Methods: Adults with clinically diagnosed laryngopharyngeal reflux confirmed by two validated instruments (reflux symptom index ≥ 13 and reflux finding score ≥ 7) and obstructive sleep apnea (OSA) underwent full polysomnography with concomitant and synchronized multichannel intraluminal impedance-pH esophageal monitoring. The apnea-hypopnea and arousal indexes that occurred 15, 30, and 45 minutes before and after each reflux episode were recorded and compared to full-night apnea and hypopnea and arousal index.

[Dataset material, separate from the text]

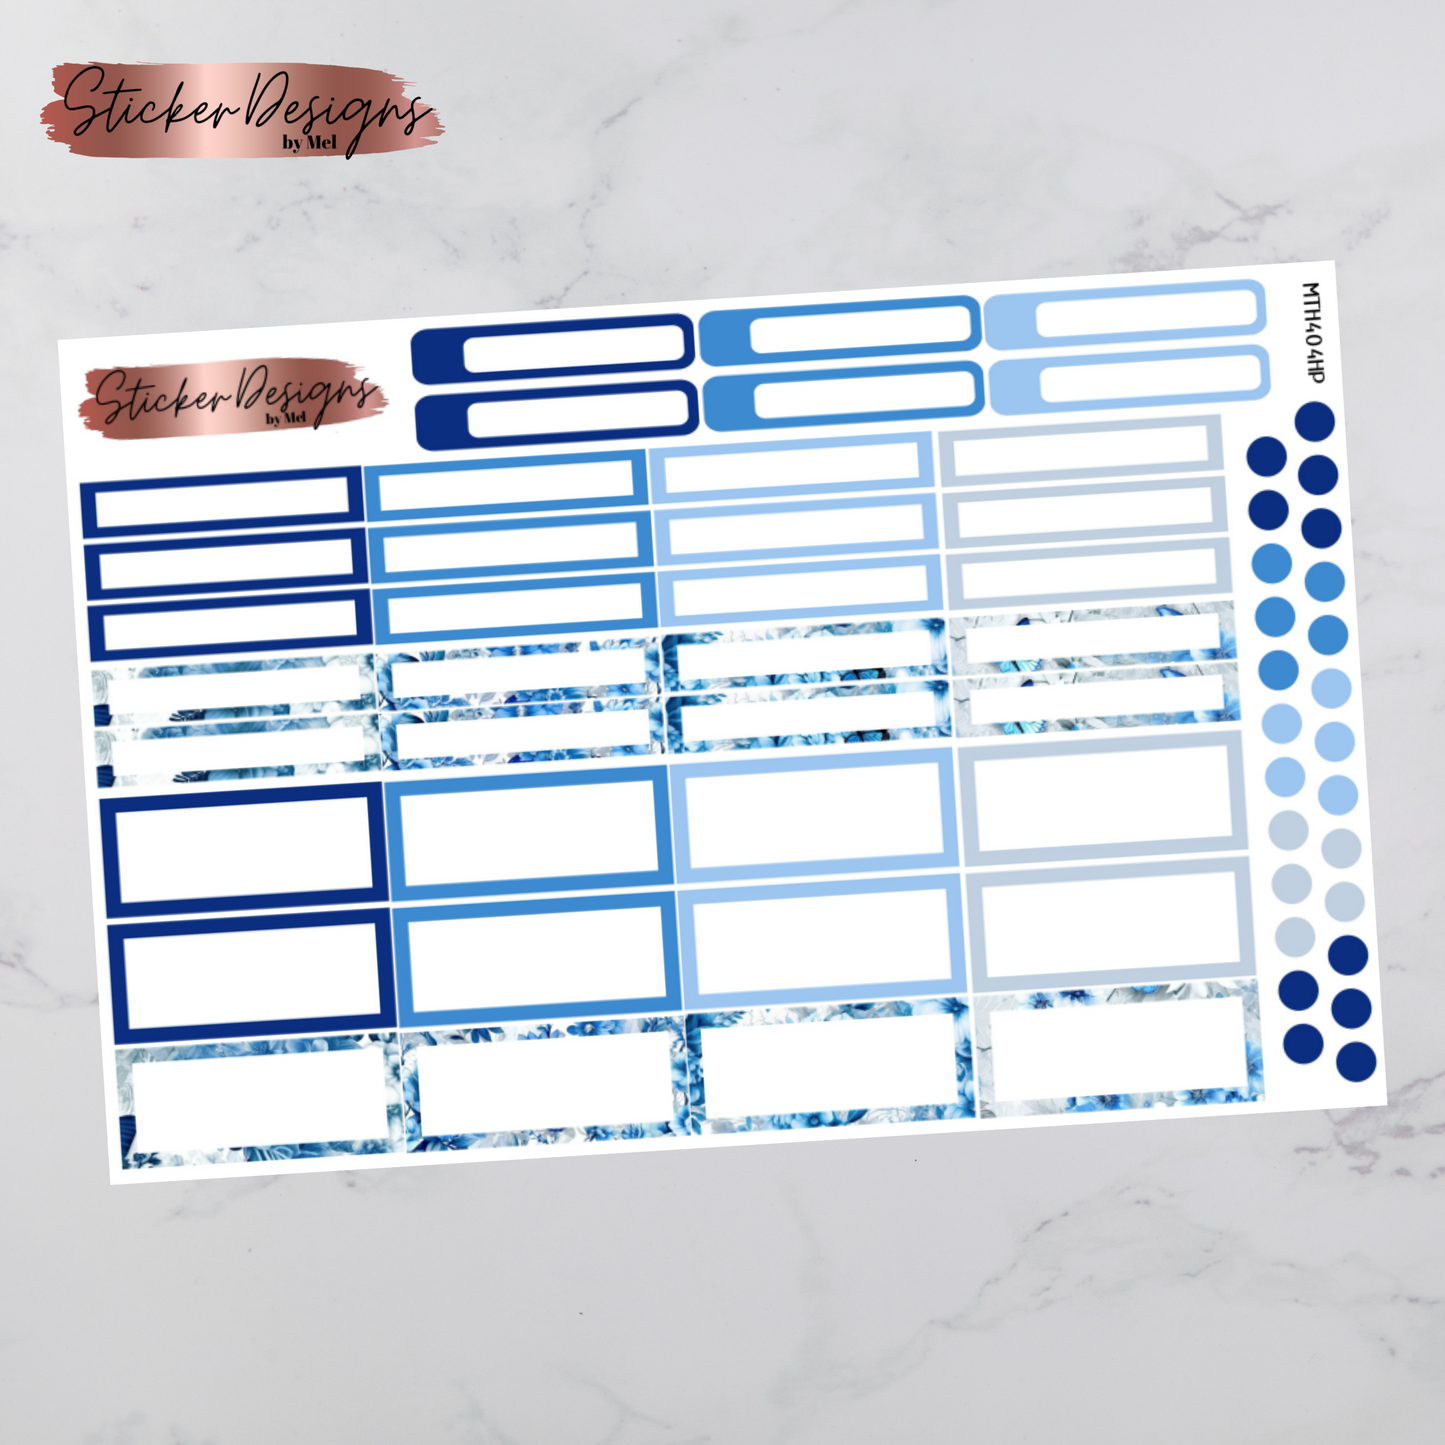 MTH 404 - Classic Happy Planner Monthly

Results: We studied 27 patients (14 males, age 51.7 ± 9.1 years, body mass index 32.4 ± 4.2 kg/m²) with laryngopharyngeal reflux (reflux symptom index 16 ± 2 and reflux finding score 12 ± 3) and OSA (apnea-hypopnea index = 32.3 ± 28.4 events/h). We evaluated 102 reflux episodes. Almost half of the reflux episodes occurred while awake (43.1%) and only five reflux episodes (4.9%) occurred during an obstructive respiratory event. The apnea and hypopnea and arousal indexes 15, 30, and 45 minutes before and after reflux episodes were lower than full-night apnea and hypopnea and arousal indexes, respectively.

Conclusions: Among patients with well-established laryngopharyngeal reflux and OSA, there is no temporal association between reflux and obstructive respiratory events. Even though the data comprised a small sample size, it seems that a more complex mechanism is involved with these two highly prevalent diseases.

Keywords: gastroesophageal reflux; laryngopharyngeal reflux; pH impedance; sleep apnea syndrome.